__PROBLEM STATEMENT__:
Copy each line from the entries that the word "Hair" appears in.

(INFORMATION SHOWN)

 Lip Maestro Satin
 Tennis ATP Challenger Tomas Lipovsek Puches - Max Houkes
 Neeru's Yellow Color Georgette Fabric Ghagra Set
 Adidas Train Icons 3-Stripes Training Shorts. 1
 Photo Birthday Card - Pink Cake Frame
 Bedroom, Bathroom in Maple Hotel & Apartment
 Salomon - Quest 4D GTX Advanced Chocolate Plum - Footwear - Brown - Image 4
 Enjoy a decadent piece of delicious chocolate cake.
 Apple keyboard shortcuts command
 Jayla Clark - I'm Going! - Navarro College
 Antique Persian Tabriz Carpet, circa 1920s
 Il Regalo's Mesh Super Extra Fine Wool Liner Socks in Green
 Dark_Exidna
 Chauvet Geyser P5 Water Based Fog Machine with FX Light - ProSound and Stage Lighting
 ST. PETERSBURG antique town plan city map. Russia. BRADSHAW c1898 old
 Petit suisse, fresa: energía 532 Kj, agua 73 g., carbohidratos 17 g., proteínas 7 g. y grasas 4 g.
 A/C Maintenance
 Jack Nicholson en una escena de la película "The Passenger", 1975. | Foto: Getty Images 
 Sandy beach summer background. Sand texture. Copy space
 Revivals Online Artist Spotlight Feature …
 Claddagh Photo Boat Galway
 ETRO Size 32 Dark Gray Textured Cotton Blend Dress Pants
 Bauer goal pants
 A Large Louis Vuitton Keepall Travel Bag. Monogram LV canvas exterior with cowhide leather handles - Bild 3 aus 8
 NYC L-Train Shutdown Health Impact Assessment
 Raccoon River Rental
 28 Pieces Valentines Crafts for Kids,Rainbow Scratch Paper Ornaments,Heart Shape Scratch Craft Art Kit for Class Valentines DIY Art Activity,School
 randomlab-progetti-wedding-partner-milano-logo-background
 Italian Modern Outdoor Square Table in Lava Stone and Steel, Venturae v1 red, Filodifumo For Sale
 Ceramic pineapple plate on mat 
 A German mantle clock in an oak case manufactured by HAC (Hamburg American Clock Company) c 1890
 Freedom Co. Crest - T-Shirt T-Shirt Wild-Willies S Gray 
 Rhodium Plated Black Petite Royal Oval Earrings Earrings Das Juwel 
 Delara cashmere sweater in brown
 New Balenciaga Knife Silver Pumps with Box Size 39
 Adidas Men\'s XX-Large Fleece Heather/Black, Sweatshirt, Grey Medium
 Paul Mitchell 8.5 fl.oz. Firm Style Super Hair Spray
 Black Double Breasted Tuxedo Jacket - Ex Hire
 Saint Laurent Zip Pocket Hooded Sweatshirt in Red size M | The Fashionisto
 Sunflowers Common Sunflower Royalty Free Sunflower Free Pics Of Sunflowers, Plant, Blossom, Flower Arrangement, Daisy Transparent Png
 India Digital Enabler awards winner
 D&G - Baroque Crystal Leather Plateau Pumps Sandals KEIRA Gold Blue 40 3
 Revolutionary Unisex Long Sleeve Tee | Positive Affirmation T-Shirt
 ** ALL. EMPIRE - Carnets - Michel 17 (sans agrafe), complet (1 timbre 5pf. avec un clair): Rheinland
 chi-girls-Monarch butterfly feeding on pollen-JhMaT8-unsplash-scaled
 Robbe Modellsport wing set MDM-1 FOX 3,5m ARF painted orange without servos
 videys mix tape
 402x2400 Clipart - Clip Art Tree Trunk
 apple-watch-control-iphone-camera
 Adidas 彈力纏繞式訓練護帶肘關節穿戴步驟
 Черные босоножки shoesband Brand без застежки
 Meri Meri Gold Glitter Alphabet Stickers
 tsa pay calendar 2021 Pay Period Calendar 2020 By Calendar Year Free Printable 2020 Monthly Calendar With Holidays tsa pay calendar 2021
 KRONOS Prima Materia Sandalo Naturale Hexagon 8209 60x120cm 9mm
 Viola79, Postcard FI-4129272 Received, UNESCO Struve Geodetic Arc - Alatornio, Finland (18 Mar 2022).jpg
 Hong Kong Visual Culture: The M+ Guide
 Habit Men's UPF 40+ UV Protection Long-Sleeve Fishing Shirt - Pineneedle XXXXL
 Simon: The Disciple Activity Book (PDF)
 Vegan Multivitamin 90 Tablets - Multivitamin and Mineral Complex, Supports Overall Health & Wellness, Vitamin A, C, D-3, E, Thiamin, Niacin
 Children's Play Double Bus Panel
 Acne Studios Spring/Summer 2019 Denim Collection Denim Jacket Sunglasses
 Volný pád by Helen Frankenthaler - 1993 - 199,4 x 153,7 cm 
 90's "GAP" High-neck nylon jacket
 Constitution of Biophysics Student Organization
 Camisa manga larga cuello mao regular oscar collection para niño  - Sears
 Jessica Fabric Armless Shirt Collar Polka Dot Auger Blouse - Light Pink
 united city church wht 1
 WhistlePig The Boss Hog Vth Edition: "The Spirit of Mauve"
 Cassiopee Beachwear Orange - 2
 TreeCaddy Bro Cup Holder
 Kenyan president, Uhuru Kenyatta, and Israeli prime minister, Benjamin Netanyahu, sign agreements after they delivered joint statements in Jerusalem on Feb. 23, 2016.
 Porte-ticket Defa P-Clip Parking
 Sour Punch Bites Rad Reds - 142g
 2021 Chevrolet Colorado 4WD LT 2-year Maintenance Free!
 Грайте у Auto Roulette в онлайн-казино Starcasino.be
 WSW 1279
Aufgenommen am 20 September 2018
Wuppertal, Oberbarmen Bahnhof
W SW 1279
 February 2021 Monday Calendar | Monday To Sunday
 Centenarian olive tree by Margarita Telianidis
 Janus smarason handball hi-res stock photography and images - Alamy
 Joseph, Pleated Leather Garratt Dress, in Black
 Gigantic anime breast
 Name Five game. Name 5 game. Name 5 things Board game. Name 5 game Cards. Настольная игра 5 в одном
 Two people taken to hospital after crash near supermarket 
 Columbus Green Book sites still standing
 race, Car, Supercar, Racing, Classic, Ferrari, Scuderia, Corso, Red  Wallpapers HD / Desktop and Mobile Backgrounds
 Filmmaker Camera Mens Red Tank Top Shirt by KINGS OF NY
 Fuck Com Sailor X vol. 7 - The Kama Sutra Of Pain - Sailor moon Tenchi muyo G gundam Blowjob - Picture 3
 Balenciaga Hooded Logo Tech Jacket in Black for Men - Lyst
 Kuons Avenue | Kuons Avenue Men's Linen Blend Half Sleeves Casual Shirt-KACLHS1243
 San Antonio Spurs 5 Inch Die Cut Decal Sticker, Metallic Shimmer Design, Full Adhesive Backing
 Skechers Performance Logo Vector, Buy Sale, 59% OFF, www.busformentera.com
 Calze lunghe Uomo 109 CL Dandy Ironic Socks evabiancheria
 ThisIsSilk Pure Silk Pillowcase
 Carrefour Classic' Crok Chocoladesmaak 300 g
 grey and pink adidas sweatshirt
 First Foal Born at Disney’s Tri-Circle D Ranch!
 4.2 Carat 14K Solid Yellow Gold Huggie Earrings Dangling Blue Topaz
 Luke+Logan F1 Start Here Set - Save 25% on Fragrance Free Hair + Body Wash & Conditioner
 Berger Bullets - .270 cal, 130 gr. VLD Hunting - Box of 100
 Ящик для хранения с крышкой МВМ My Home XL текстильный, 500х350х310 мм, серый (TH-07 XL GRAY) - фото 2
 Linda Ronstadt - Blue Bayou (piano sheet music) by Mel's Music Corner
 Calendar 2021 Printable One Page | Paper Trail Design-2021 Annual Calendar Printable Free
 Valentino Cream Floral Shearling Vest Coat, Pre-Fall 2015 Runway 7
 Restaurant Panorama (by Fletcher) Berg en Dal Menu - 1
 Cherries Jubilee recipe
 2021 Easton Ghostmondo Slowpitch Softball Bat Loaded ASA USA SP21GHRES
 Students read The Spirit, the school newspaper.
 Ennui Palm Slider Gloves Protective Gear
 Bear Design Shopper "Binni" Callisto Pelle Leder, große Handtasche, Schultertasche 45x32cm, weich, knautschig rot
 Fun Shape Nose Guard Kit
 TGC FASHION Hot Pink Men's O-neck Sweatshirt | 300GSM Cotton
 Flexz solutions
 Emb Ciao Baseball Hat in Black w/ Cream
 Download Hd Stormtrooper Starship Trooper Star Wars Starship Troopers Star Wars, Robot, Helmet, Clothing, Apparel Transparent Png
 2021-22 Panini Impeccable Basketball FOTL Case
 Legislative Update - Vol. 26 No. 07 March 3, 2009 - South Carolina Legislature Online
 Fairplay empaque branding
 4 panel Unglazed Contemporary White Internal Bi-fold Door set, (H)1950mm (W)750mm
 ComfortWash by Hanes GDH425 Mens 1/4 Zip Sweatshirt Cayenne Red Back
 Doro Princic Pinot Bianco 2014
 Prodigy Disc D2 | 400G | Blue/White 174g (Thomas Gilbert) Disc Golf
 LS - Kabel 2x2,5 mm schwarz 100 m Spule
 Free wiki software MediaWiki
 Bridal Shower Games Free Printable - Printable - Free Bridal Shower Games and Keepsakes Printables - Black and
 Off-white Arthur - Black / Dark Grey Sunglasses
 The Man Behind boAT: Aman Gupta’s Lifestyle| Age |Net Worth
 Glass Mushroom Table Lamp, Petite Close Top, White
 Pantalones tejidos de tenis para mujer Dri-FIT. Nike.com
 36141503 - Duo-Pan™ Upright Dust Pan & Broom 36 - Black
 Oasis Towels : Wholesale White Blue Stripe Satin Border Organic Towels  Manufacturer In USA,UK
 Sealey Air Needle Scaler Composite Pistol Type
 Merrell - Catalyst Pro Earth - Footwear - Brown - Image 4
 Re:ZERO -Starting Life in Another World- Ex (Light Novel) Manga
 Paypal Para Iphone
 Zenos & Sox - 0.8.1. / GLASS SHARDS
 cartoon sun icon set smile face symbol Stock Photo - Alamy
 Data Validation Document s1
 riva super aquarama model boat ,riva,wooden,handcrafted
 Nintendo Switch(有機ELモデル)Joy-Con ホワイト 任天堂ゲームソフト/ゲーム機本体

(End INFORMATION SHOWN)

__RESPONSE AREA__:
 Paul Mitchell 8.5 fl.oz. Firm Style Super Hair Spray
 Luke+Logan F1 Start Here Set - Save 25% on Fragrance Free Hair + Body Wash & Conditioner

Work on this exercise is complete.